Tamer Korkmaz için...

Gezi Parkı'nda ilk başlayan o sevimli protesto ve eylemler; bir sabah ansızın ve vahşi bir polis saldırısıyla bir tür toplu katliama....

Gezi Parkı'nda ilk başlayan o sevimli protesto ve eylemler; bir sabah ansızın ve vahşi bir polis saldırısıyla bir tür toplu katliama dönüşmeseydi de şu son 25 gündür çektiğimiz çileleri çekecek miydik?..
"Hayır çekmeyecektik" demek ne kadar doğruysa tahmin olarak...
"Yine bunları yaşayacaktık" diyenler de o kadar haklılar...
"En çok kim haklı?" sorusunun "mutlak doğru" bir cevabı ise yok ne yazık ki...
Ancak...
Elimizde asla yalanlanmayan bir arşiv var...
Tamer Korkmaz bugünkü Yeni Şafak'ta "Uyandırma servisi" başlığı altında yayımlanan makalesinde işte o arşivi seriyor gözlerimizin önüne...
Bakın; az sonra okuyacağınız satırları Korkmaz'ın o makalesinden alıntıladık...
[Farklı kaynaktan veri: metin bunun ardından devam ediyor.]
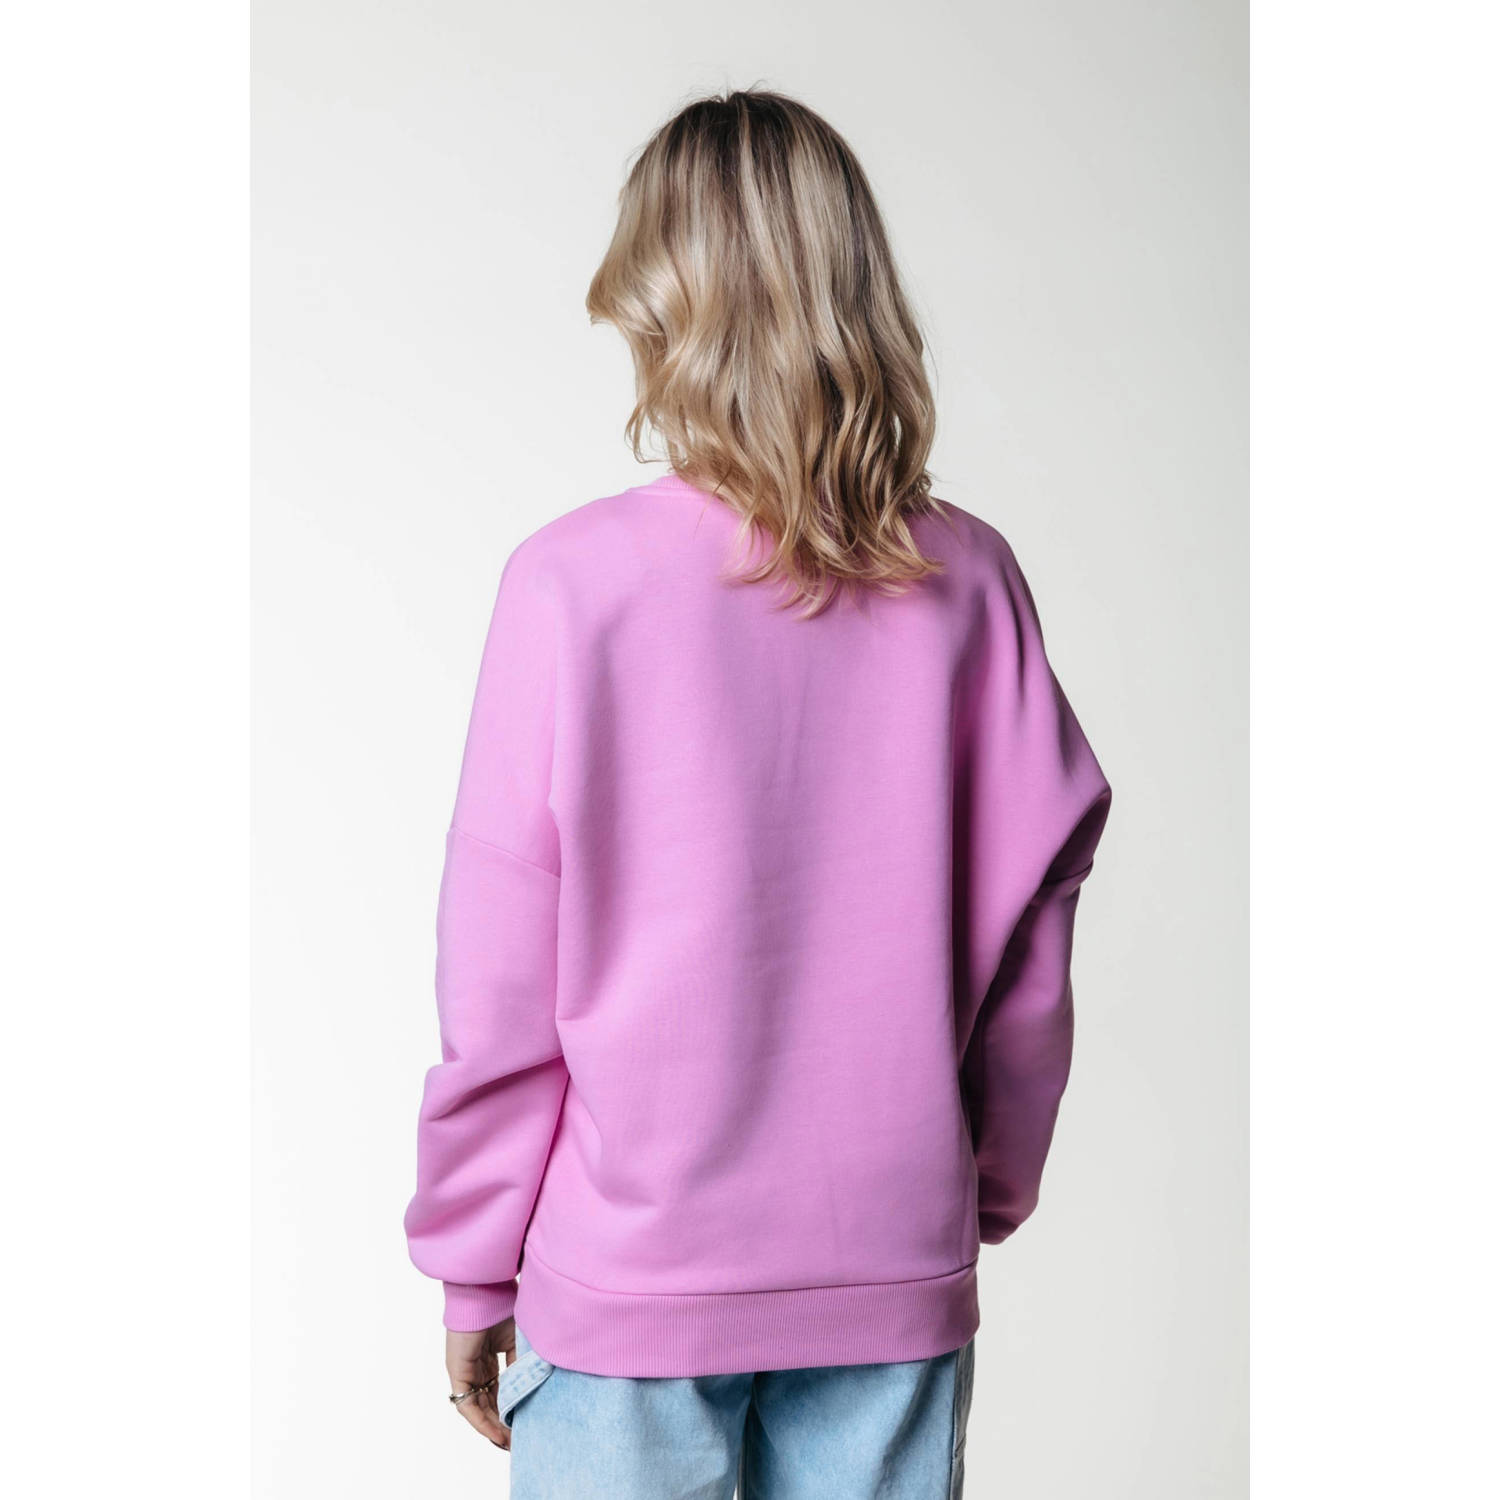 Colourful Rebel sweater Self Love met printopdruk roze

Türkiye, koşar adım 12 Eylül 1980 Darbesi'ne götürülürken, bir yandan Gün Sazak, Nihat Erim ve Kemal Türkler'e yönelik sarsıcı suikastlarda; diğer taraftan da Sivas, Çorum, Kahramanmaraş, Malatya örneklerindeki gibi mezhep çatışmalarında 'kontra' örgüt olarak kullanılan Dev-Sol'du.

Şimdi...
Korkmaz'ın arşivinden kopup gelenler de bir başka gerçek...
Polislerin akıl almaz saldırılarından sonra Korkmaz'ın hatırlattığı olayları bize yaşatanların Taksim'de boy göstermediklerini kanıtlayacak bir ilgimiz yok...
Ama...
O kışkırtmaları yaptıklarının, polis araçlarını ve esnafın mağazalarını yaktıklarının görüntüleri mevcut...
Hâsılı...
Bu kavga gürültü arasında gözlerimi açan makalesi nedeniyle Tamer Korkmaz'ı alkışkıyoruz...
Umarız, "uyandırma servisi" işe yarayacaktır...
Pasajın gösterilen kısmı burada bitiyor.